There is no question if you use anything other than a Holy Bible, according to Nevada's rules, you are in violation of the Masonic Code there. With that said, it certainly doesnt mean its a good rule/law and should be changed so that any religion should feel welcomed and validated. I have no problem with following rules but they can be changed to conform to the times.


----------



## hanzosbm (Feb 25, 2020)

CLewey44 said:


> There is no question if you use anything other than a Holy Bible, according to Nevada's rules, you are in violation of the Masonic Code there. With that said, it certainly doesnt mean its a good rule/law and should be changed so that any religion should feel welcomed and validated. I have no problem with following rules but they can be changed to conform to the times.


While in general I agree, I think for the GM to hide behind "well, them's the rules" is a bit of  a cop out (assuming his disagrees).  As the article points out, Anderson's Constitutions, which can easily be considered the landmarks, says that Freemasonry should be religion agnostic.  Nevada clearly has some contradictory practices/rules that need to be addressed, but in my opinion, they went the wrong way.  
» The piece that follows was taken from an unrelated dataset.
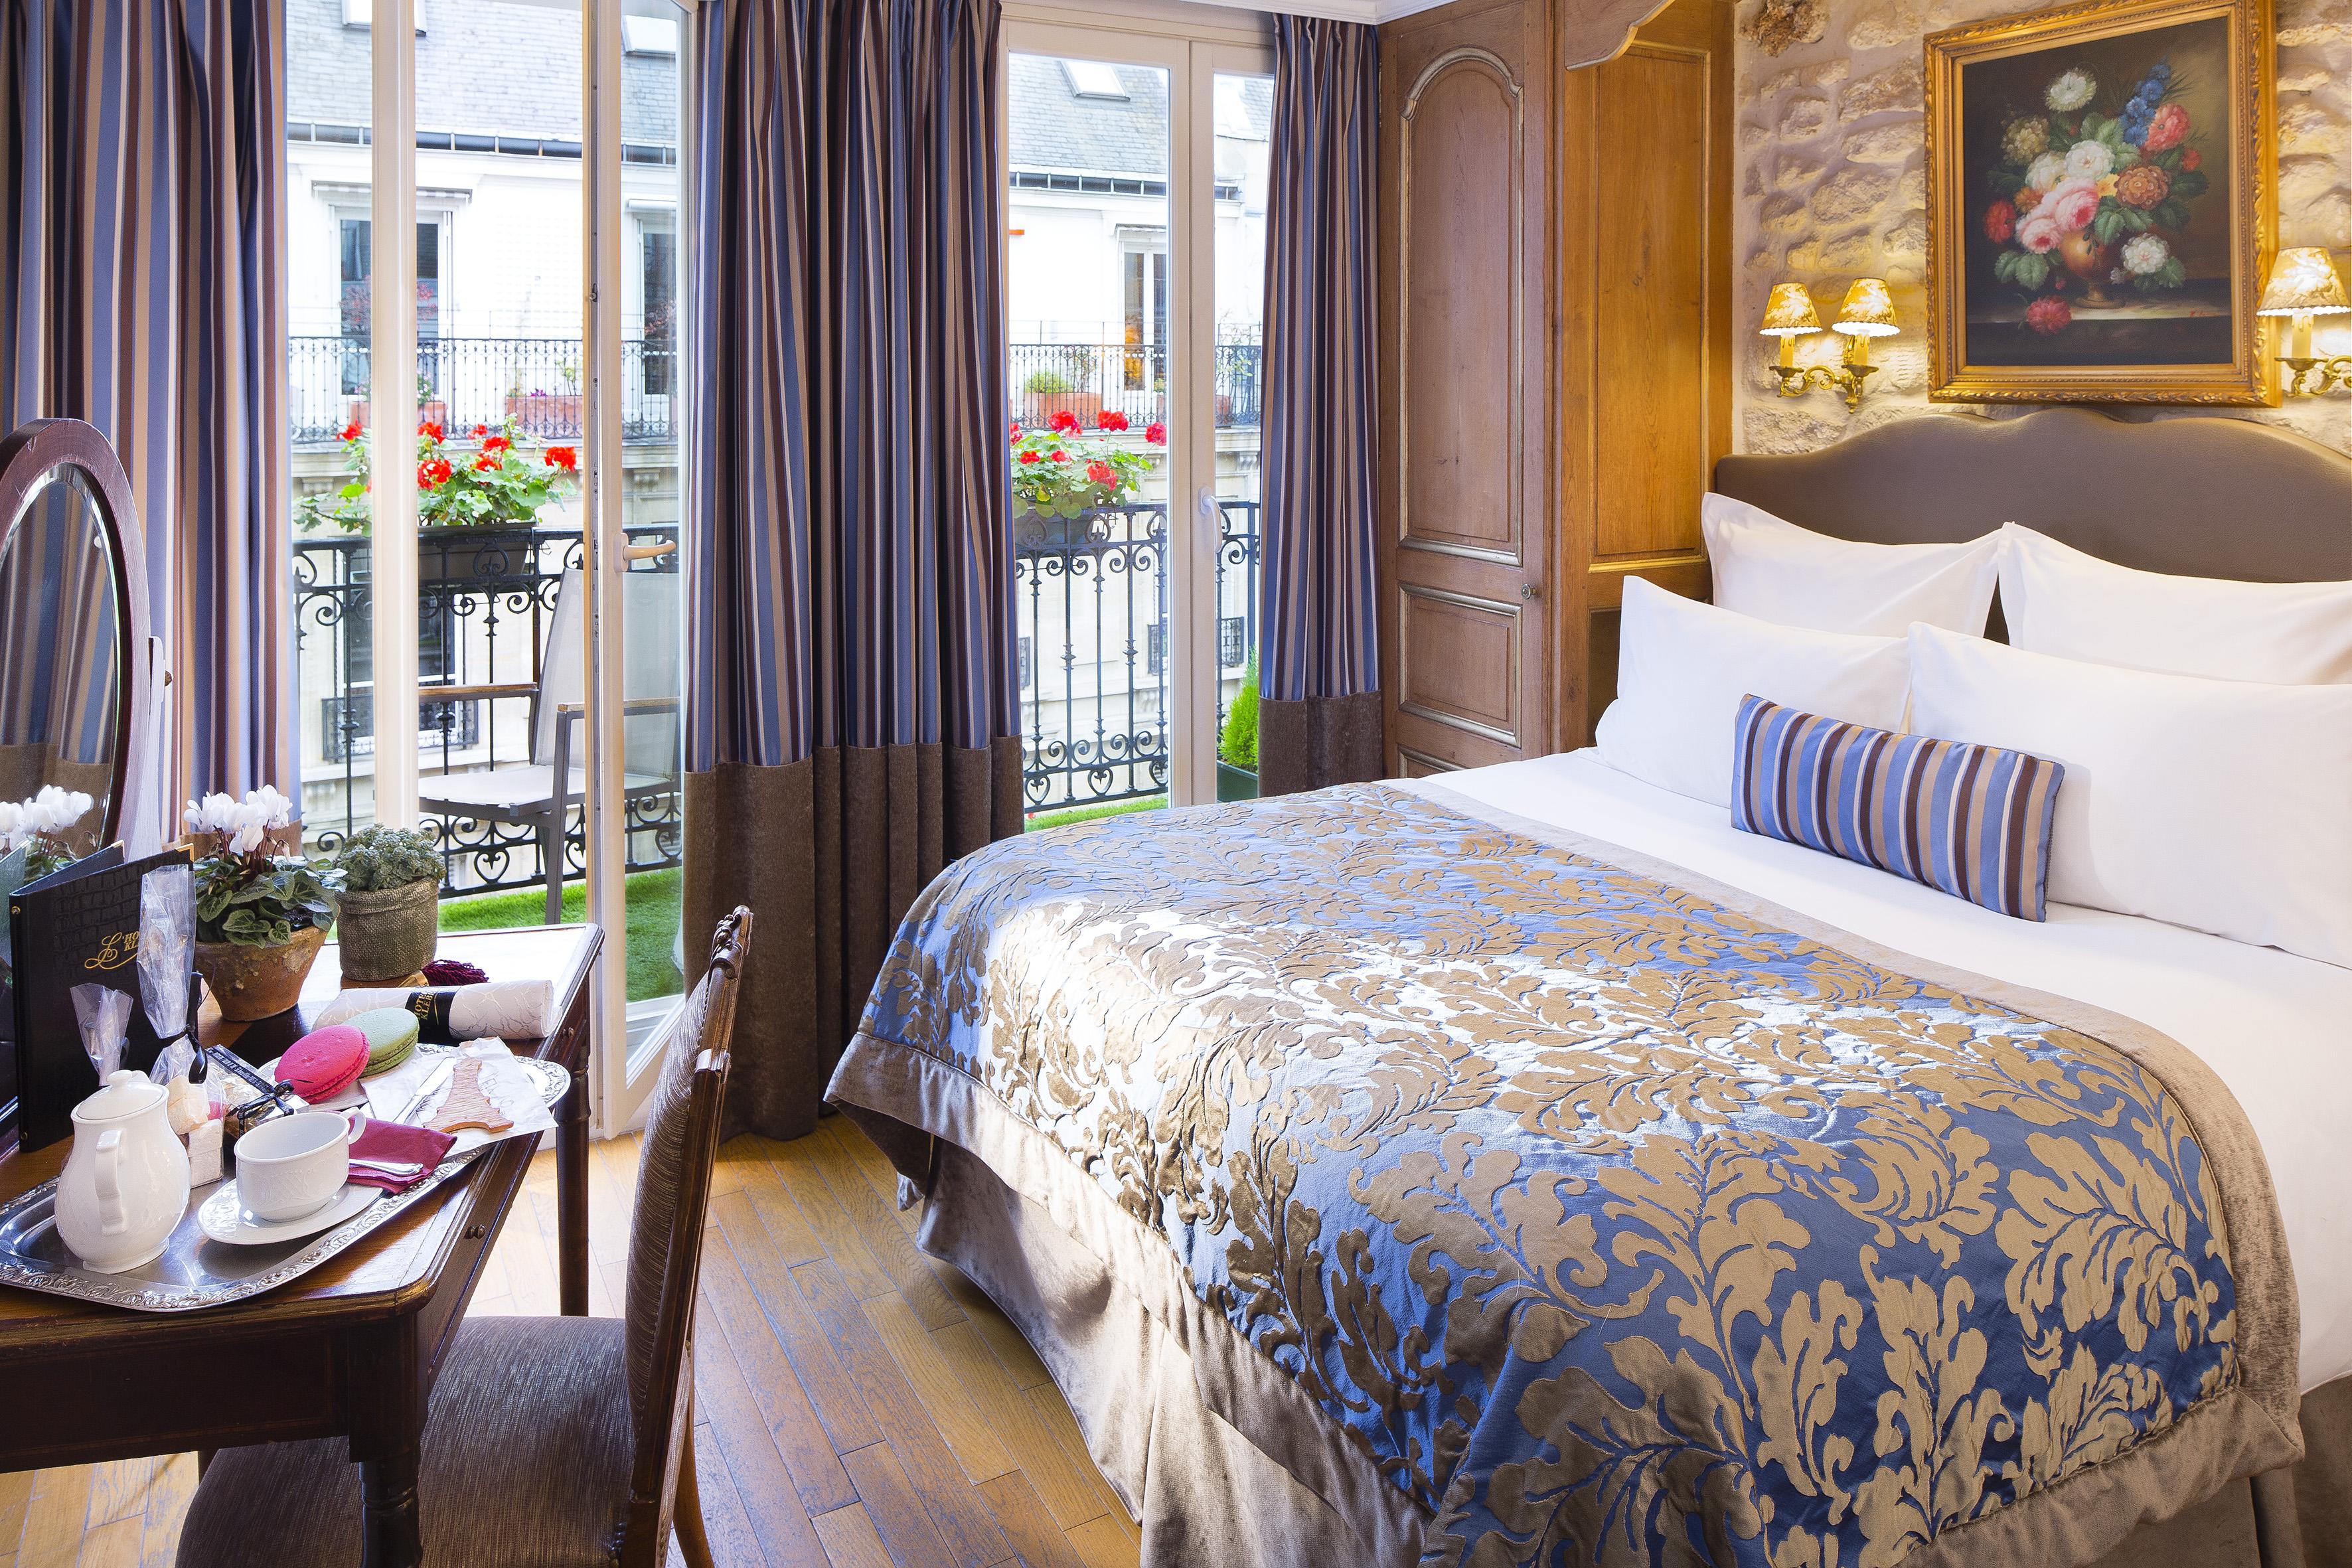 Chambres   Hôtel Kléber Champs-Élysées Tour-Eiffel Paris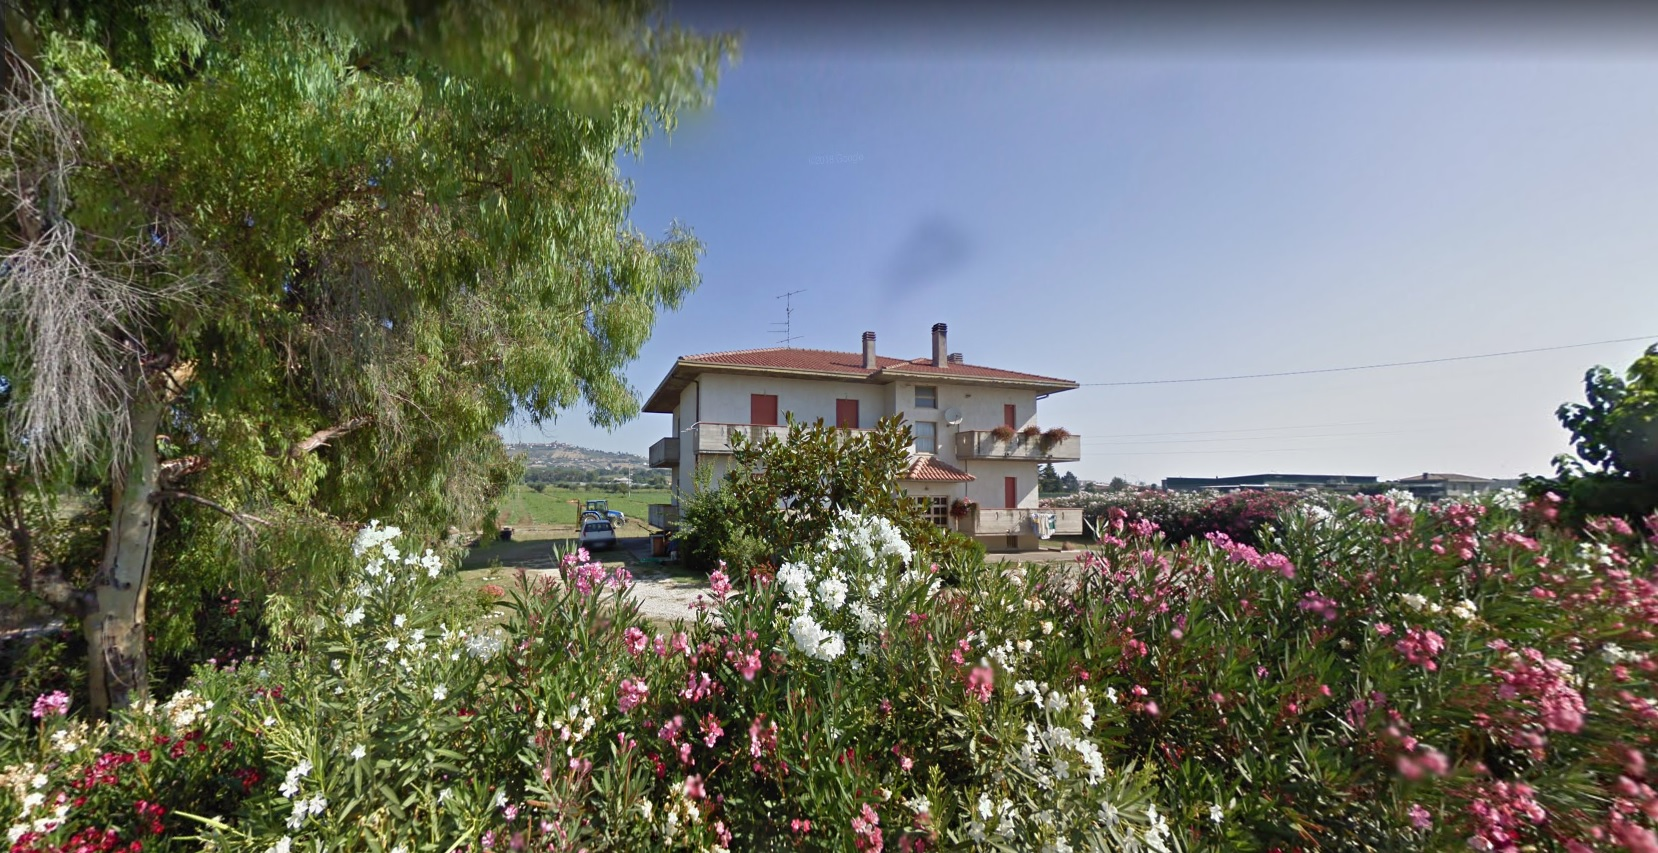 Terreno Agricolo in vendita a Roseto degli Abruzzi, 9999 locali, prezzo € 950.000 | CambioCasa.it

From what I've gathered, we have 3 items involved in the conflict:
1) Anderson's Constitutions says all religions are welcome (I know there's nuance, I'm just simplifying)
2) Nevada's code says Bible only
3) Some Nevada lodges want to use something besides the Bible

The GM has decided to say  that #3 doesn't jive with #2, so #3 is wrong.
He could just as easily have said that #2 doesn't jive with #1, so #2 is wrong.  Yes, it requires more work, and maybe someone can correct me if I'm wrong about the jurisprudence here, but if it's recognized that the GL code is in violation of one of the landmarks, I wouldn't think that it would need to be taken to a vote.


----------



## Glen Cook (Feb 25, 2020)

hanzosbm said:


> While in general I agree, I think for the GM to hide behind "well, them's the rules" is a bit of  a cop out (assuming his disagrees).  As the article points out, Anderson's Constitutions, which can easily be considered the landmarks, says that Freemasonry should be religion agnostic.  Nevada clearly has some contradictory practices/rules that need to be addressed, but in my opinion, they went the wrong way.
> 
> From what I've gathered, we have 3 items involved in the conflict:
> 1) Anderson's Constitutions says all religions are welcome (I know there's nuance, I'm just simplifying)
> ...


That would not be the construction given in either masonic or civil law. The law controls over practice. Indeed, I applied that construction today. 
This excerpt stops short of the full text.